On January I, 1807, on his way back from Pultusk to Warsaw, Napoleon changed horses in a post-house at Blonie and there met the beautiful blonde, white-skinned twenty-year-old Polish Countess Marie Colonna-Walewska, who he soon discovered was married to an aristocratic landowner a full fifty-two years older than her. He arranged to meet her again at a ball, after which she quickly became the mistress to whom he became the most attached. One of the other ladies present at the ball, the gossipy diarist Countess Anna Potocka, ‘saw him squeeze her hand’ at the end of a dance, which she assumed equated to a rendezvous. She added that Marie had a ‘delicate figure but no brains’.
Napoleon quickly rescinded his invitation to Josephine [his wife] to join him in Warsaw. ‘It’s too great a stretch of country to cover between Mainz and Warsaw,’ he told her two days after meeting Marie. ‘I’ve many things to settle here. I think you should return to Paris, where you are needed… I’m well, the weather’s bad. I love you with all my heart.’
To her subsequent pleas to be allowed to join him, he replied: ‘I’m more vexed about this than you are; I would have loved to share these long winter nights with you, but one has to yield to circumstances.’
Source:
Roberts, Andrew. "Blockades." Napoleon: A Life. New York: Penguin, 2014. 435. Print.

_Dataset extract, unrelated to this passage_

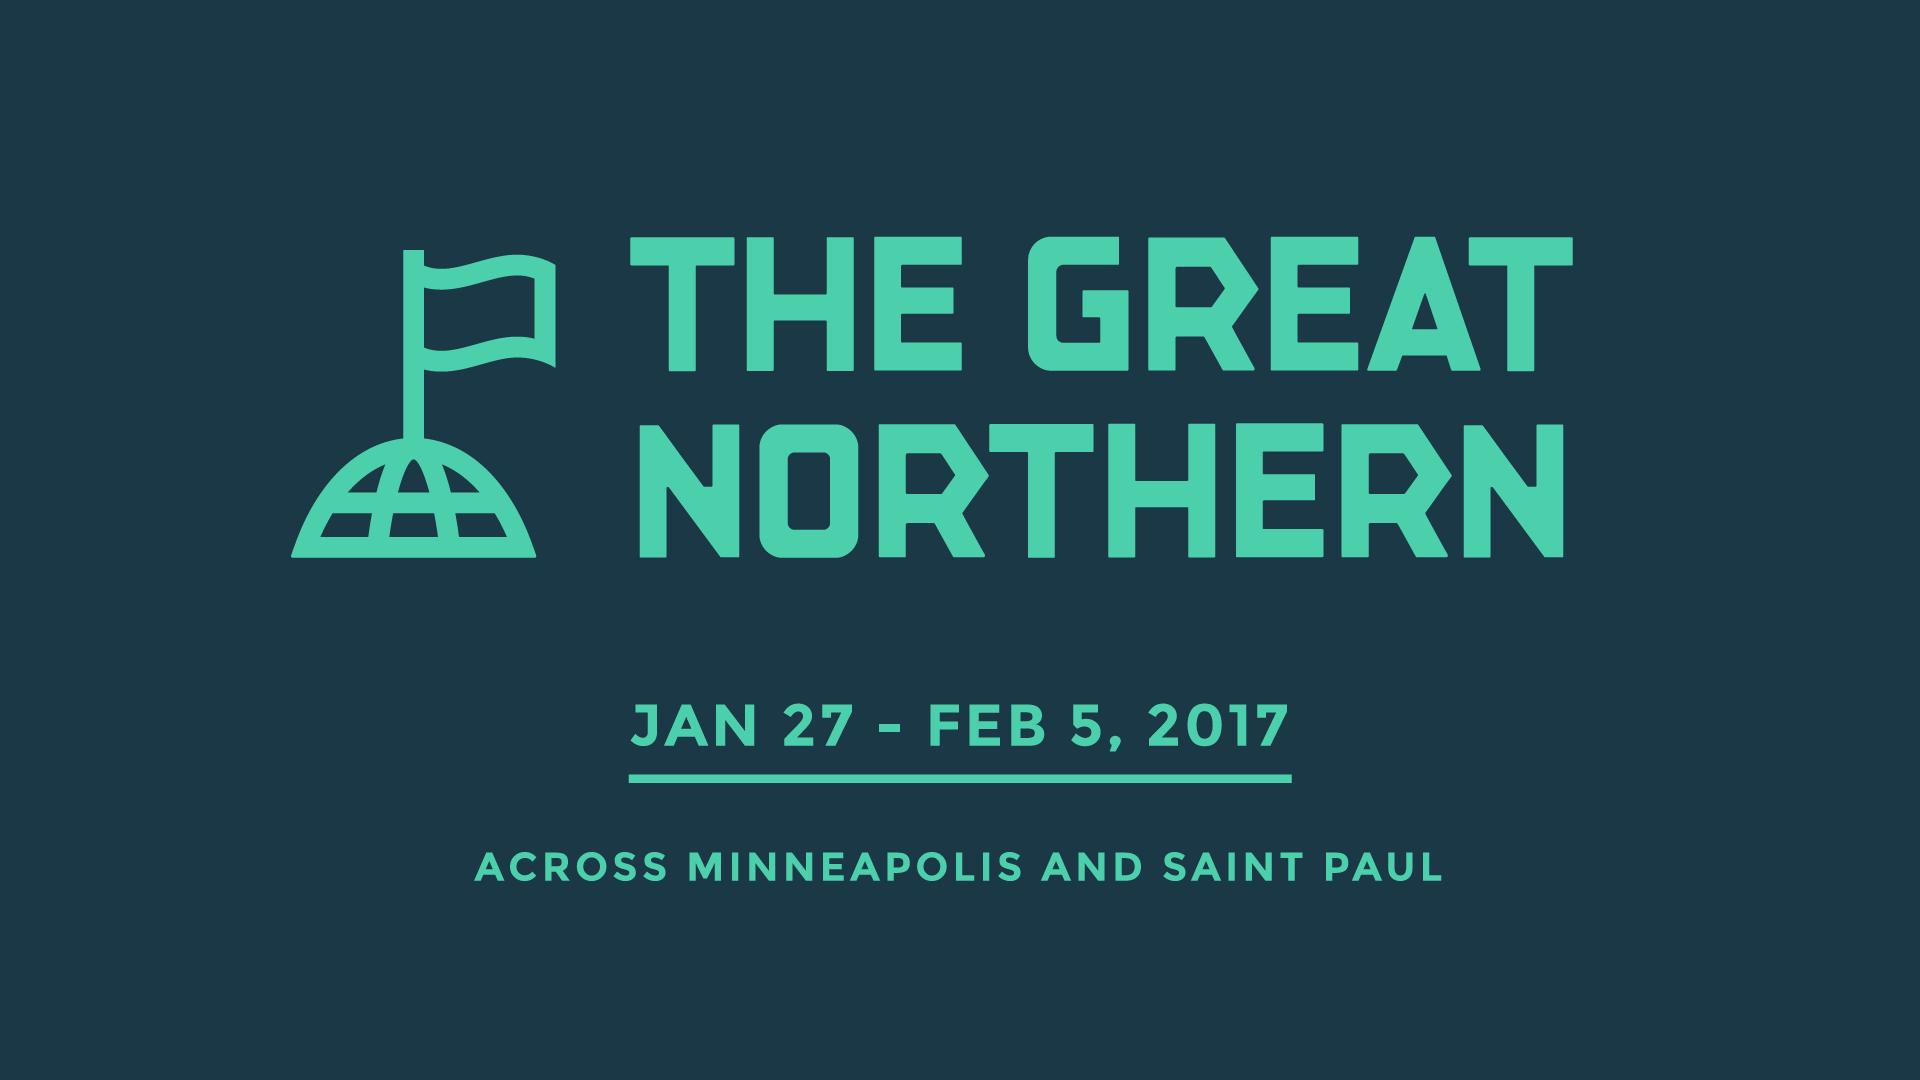 Gallery Of Home Improvement Design Expo Mpls Minneapolis Kitchen U Bathroom Remodeling Countertops Winter Events In Meet

Original Source(s) Listed:
Sutherland, Marie Walewska p. 61.
ed. Stryjenski, Mémoires p. 125.
CG7 no. 13938 p. 27, January 3, 1807.
CG& no. 13988 p. 52, January 8, 1807.
Further Reading:
Napoleone di Buonaparte / Napoléon Bonaparte / Napoleon I
Maria Countess Walewska (née Łączyńska)
Joséphine of Leuchtenberg or Joséphine de Beauharnais (Joséphine Maximilienne Eugénie Napoléone)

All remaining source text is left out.